Depuis trois mois, je m’accoutume à cette existence solitaire ; ce n’est pas de vivre enfermée que je souffre ; depuis longtemps je ne vis qu’avec moi-même.

C’est un tourment, un besoin confus, mais sans répit, de me dégager de mes anciens rêves. Le passé me laisse indifférente, tant de choses nouvelles m’attirent ; chaque jour, par une lecture, par un effort, j’avance vers ce but, encore voilé.

Est-ce curieux, j’éprouve par l’esprit, un malaise analogue à celui que tout mon corps subit lorsque je devins jeune fille.

16 décembre.

J’assiste impassible à ce bouleversement de mon être.

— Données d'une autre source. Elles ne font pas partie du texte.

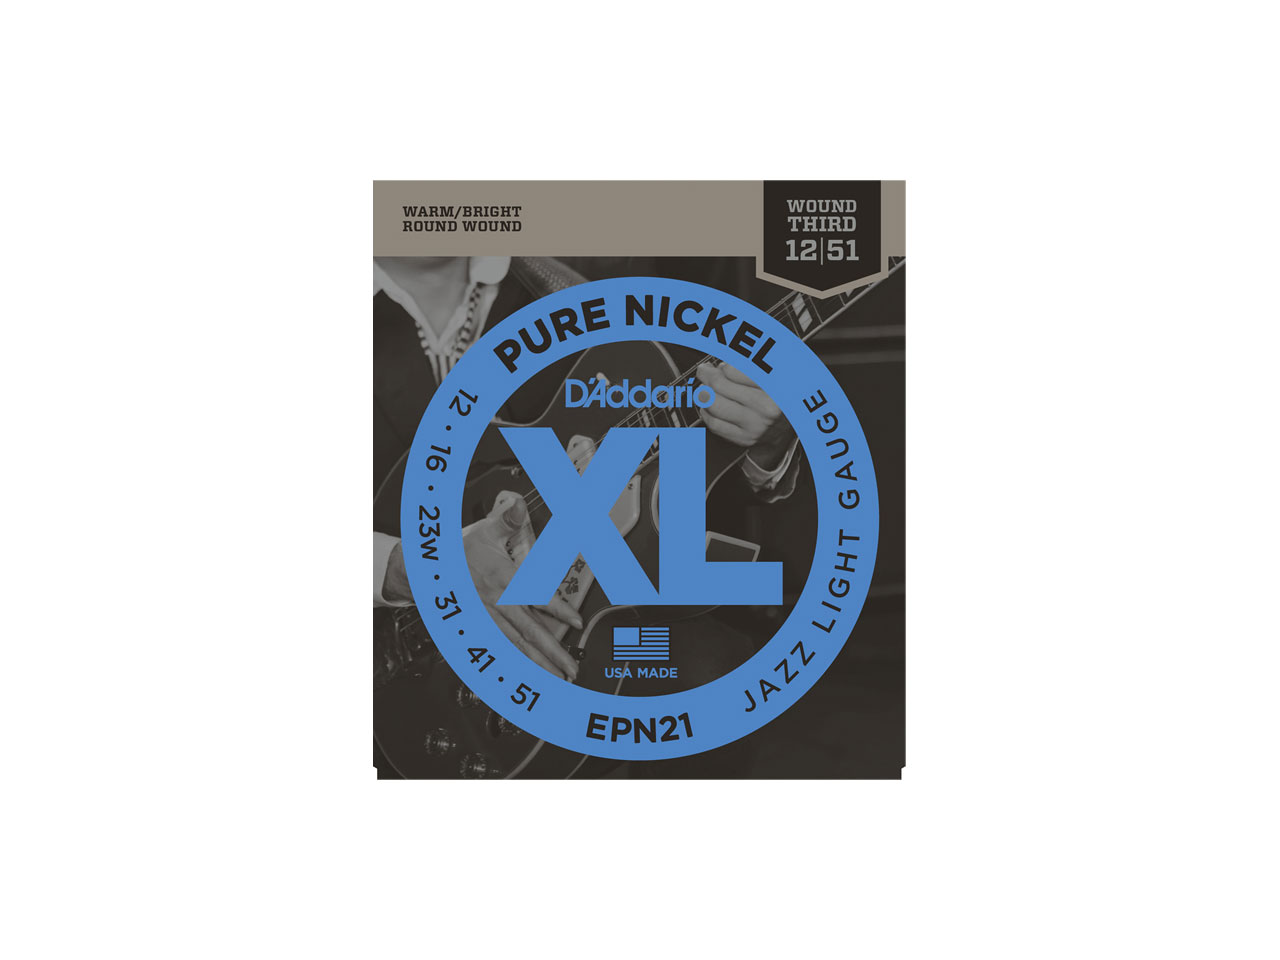 D'Addario(ダダリオ) XL Pure Nickel Round Wound Jazz Light / EPN21 (エレキギター弦)

Là-haut j’ai vu ce soir l’image de mon état d’âme. Des nuages galopent, fouaillés par le vent qui se lève ; c’est une course insensée à travers le ciel ; ils passent devant la lune qui s’obscurcit, d’autres accourent, puis la meute fantastique disparaît, dégageant l’astre qui monte, serein vers son zénith.

23 décembre.

Une chose me frappe à l’École, et me semble la caractéristique de l’enseignement qu’on nous donne : les Sèvriennes parlent sans cesse de licence, d’agrégation, jamais de professorat !

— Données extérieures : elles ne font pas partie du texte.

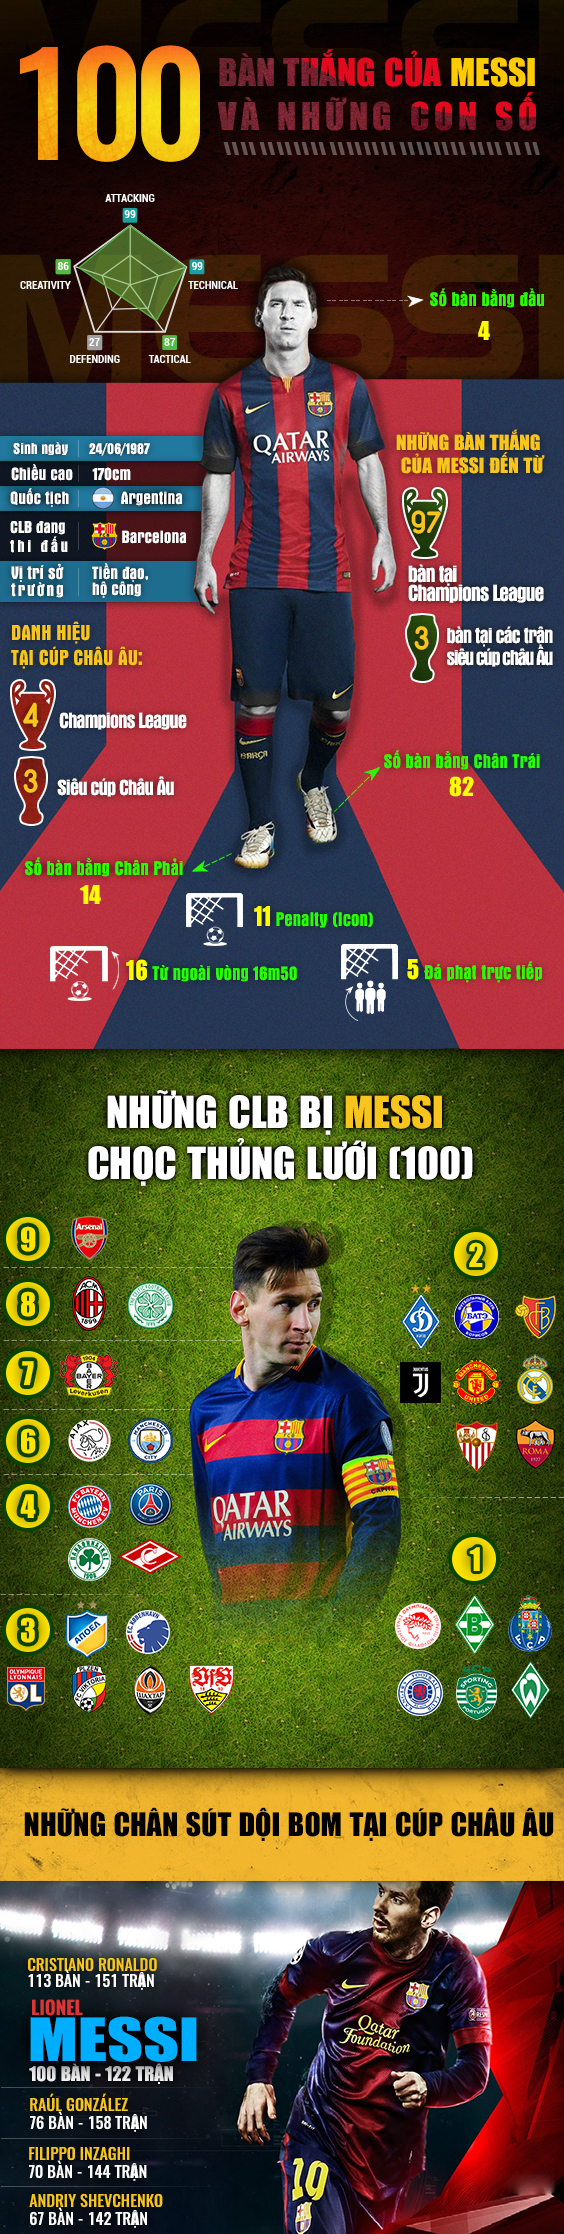 [INFOGRAPHIC] - 100 bàn thắng của Messi và những con số - Bóng Đá

Jamais il n’est question de nos futures élèves. Jamais nos leçons ne visent l’esprit limité d’enfants de dix à quatorze ans. Foin de pédagogie théorique, semble-t-on dire, « en forgeant on devient forgeron », faber, fabricando. Sur la fin de notre carrière, nous serons peut-être capables d’enseigner, simplement, des choses élémentaires.

Je me reconnais inapte, au sortir de l’École, à mettre à la portée de mes gamines, l’histoire du moyen âge que nous étudions en ce moment.

Un beau sujet de composition écrite que celui-là : Rôle de l’Église sous les premiers Carolingiens.